Information shown
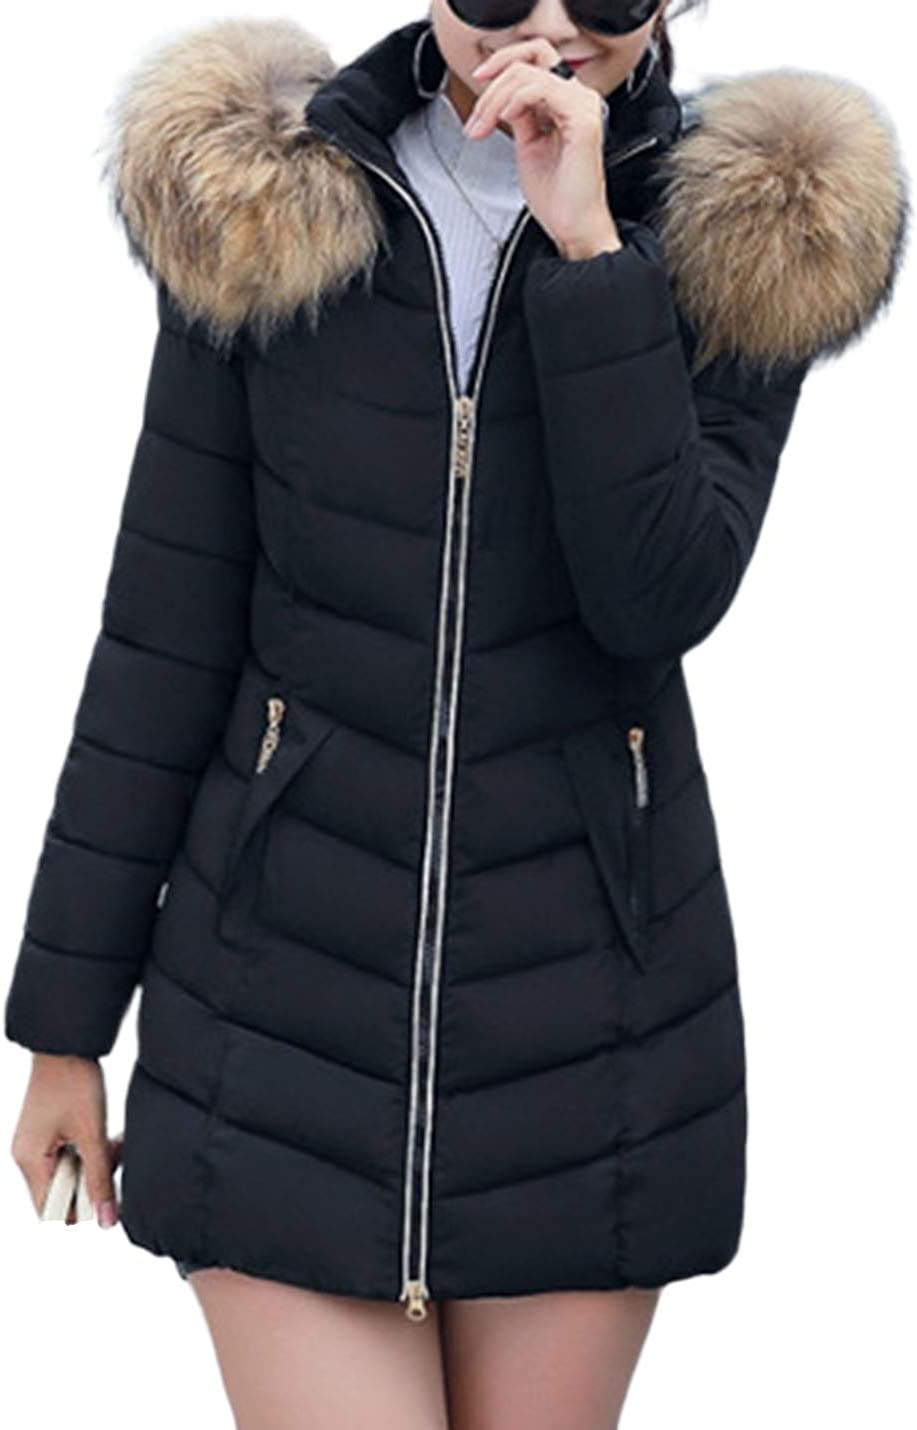 Yeokou Womens Casual Slim Faux Fur Neck Mid Long Zipper Cotton Padded Hoodie Coats
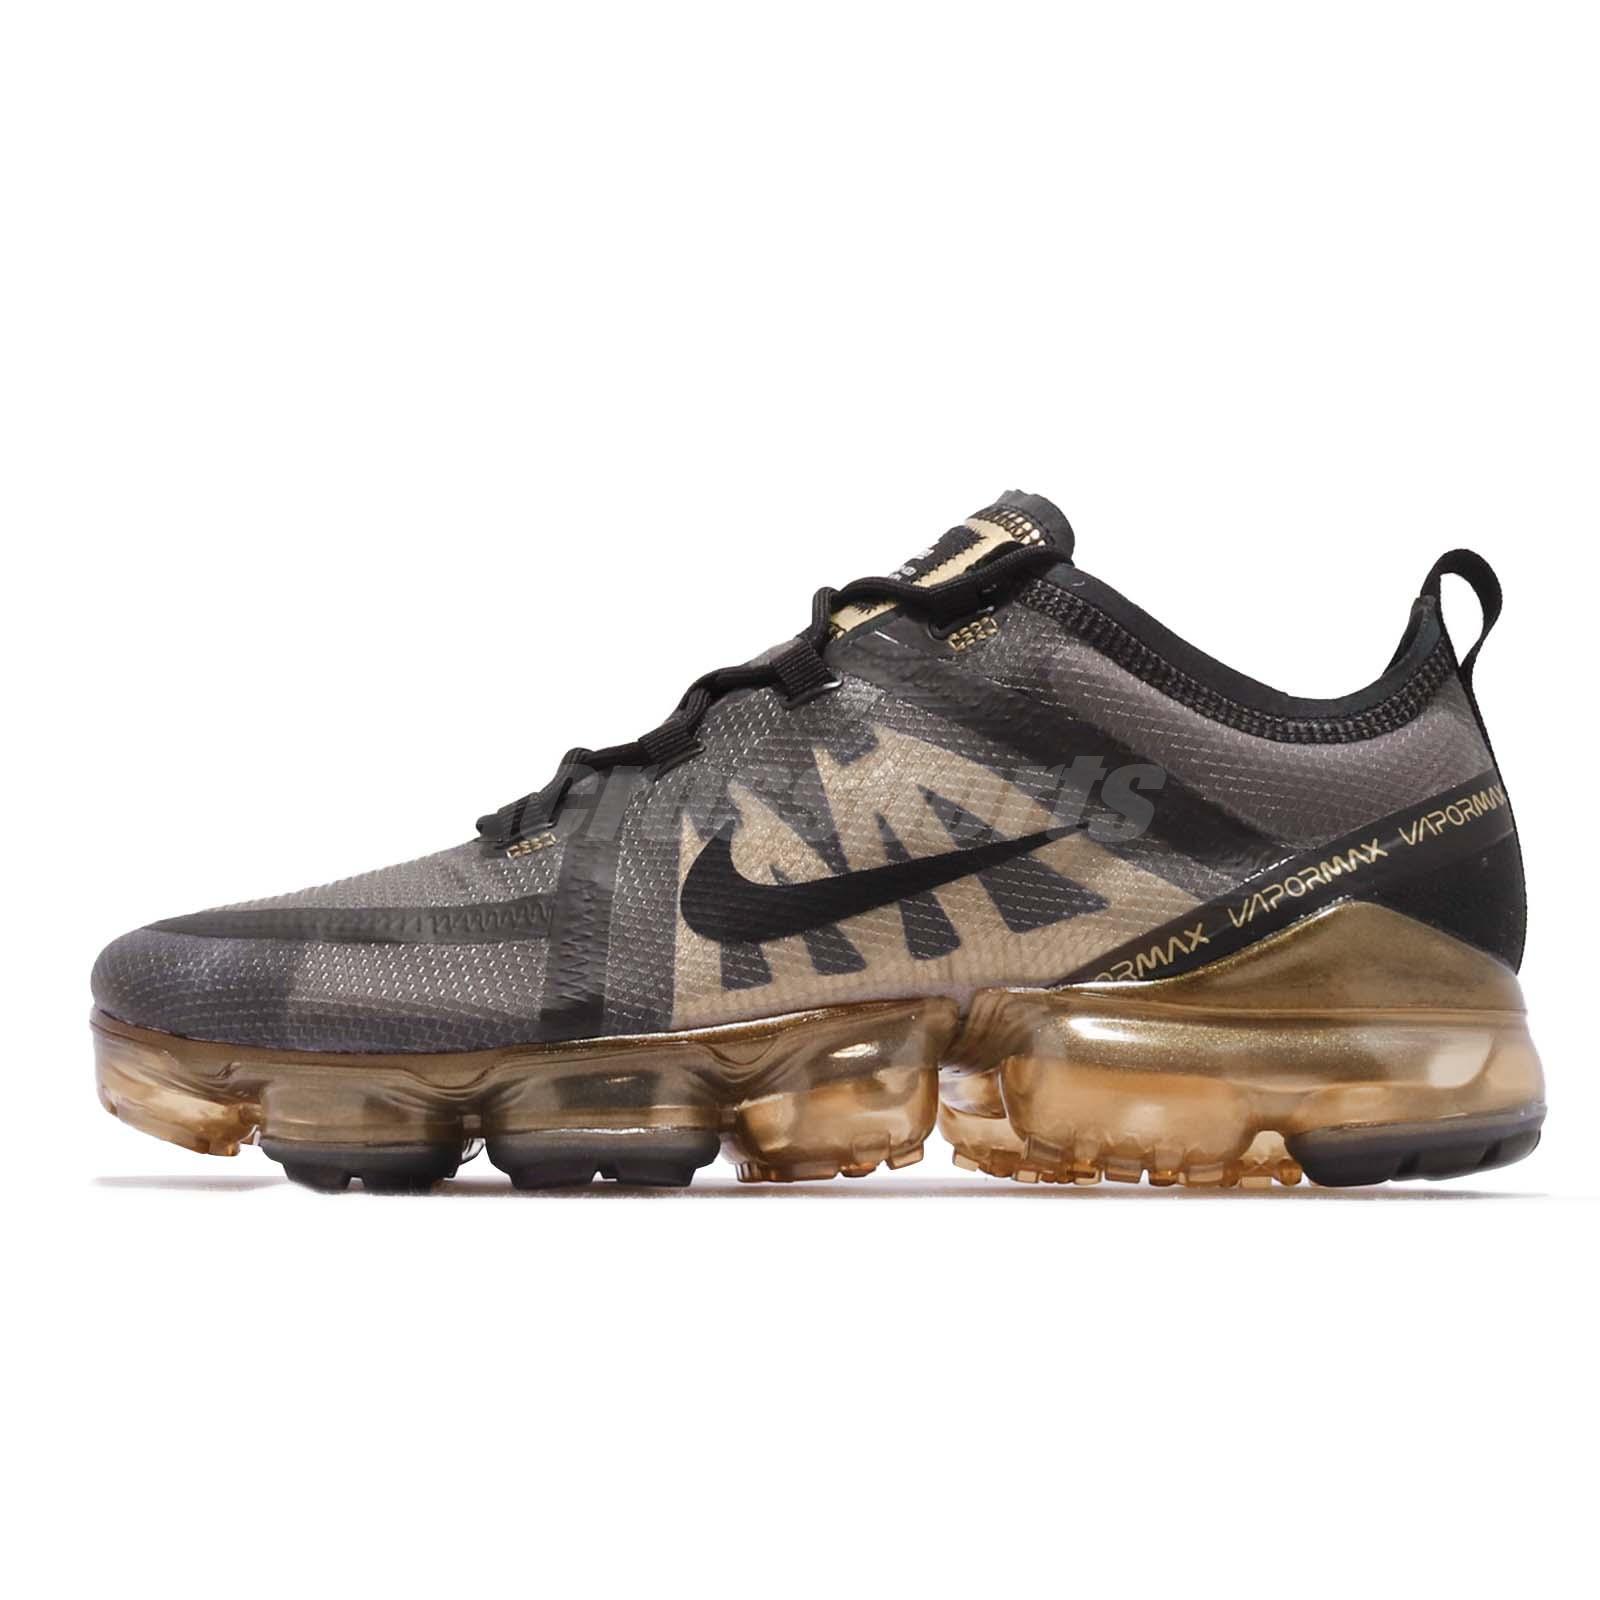 85d7f12dc7c Nike Air Vapormax 2019 Black Gold Max Mens Running Shoes Sneakers AR6631-002
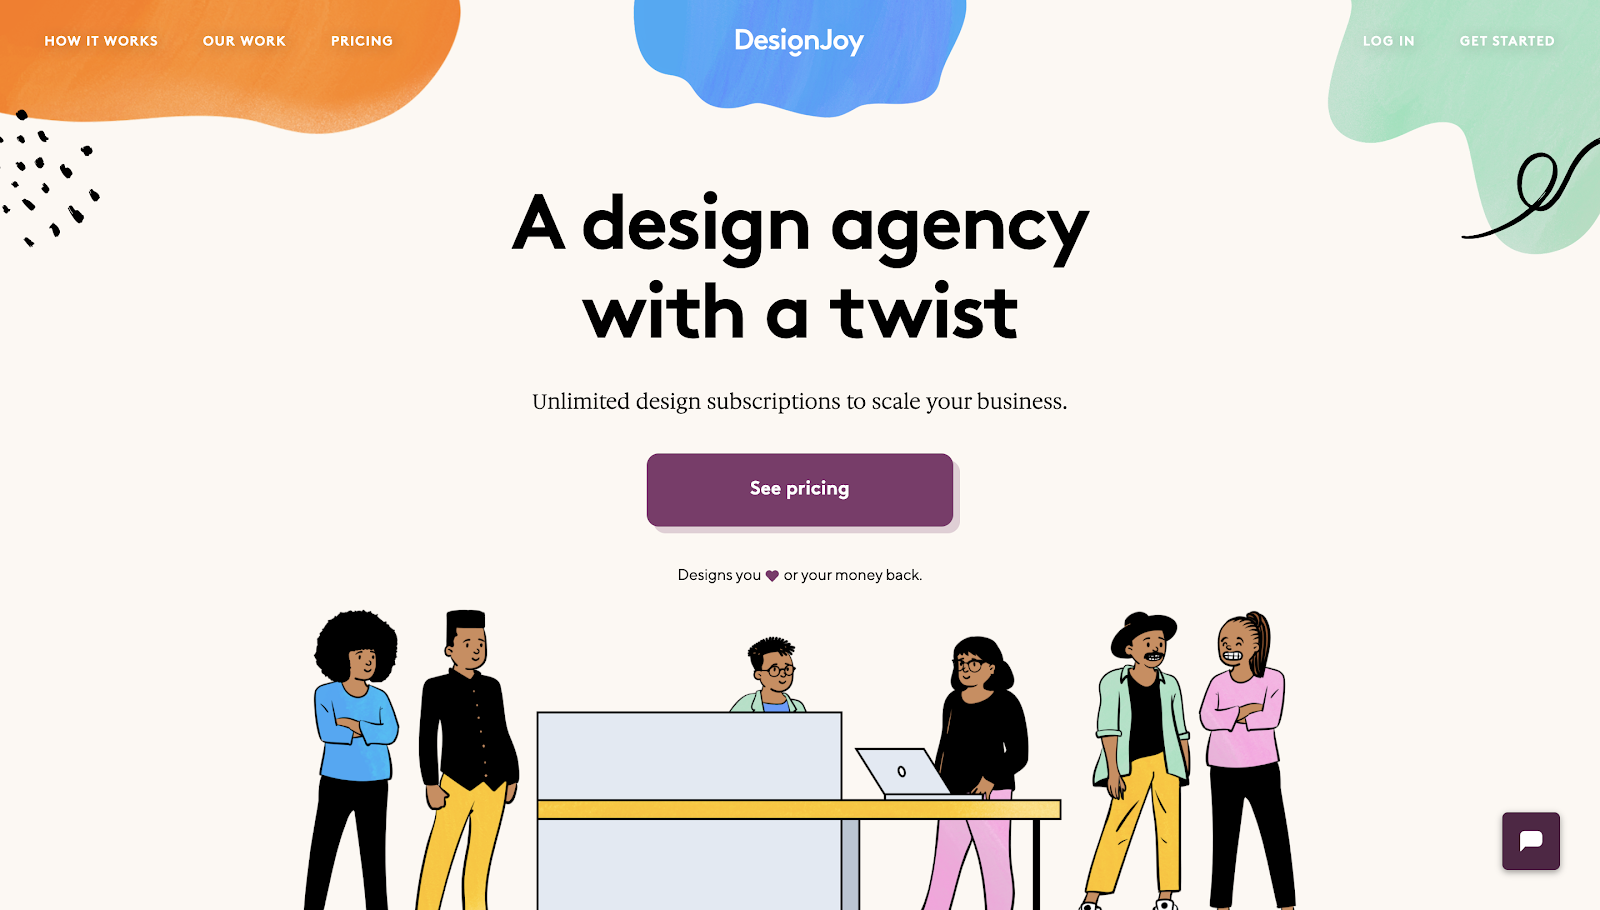 DesignJoy

Your objective
Set down the data again, exactly, without images.

Exercise solution
 Yeokou Womens Casual Slim Faux Fur Neck Mid Long Zipper Cotton Padded Hoodie Coats
 85d7f12dc7c Nike Air Vapormax 2019 Black Gold Max Mens Running Shoes Sneakers AR6631-002
 DesignJoy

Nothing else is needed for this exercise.